INSTRUCTIONS FOR THE TASK: Everything from the line containing "Lenovo 7094, 6177, 6176, 7064, 7065, 7066, 6178" to the end of the listing is to be set down exactly, both ends included, and nothing before it.

*** Opening of EXERCISE DATA ***

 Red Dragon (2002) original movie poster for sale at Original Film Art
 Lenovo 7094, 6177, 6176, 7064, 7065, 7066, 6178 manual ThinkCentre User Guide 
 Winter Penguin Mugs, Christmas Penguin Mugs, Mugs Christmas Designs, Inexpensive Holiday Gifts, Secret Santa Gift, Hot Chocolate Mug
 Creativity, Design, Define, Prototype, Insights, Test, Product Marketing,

*** Close of EXERCISE DATA ***

SOLVED EXERCISE:
 Lenovo 7094, 6177, 6176, 7064, 7065, 7066, 6178 manual ThinkCentre User Guide 
 Winter Penguin Mugs, Christmas Penguin Mugs, Mugs Christmas Designs, Inexpensive Holiday Gifts, Secret Santa Gift, Hot Chocolate Mug
 Creativity, Design, Define, Prototype, Insights, Test, Product Marketing,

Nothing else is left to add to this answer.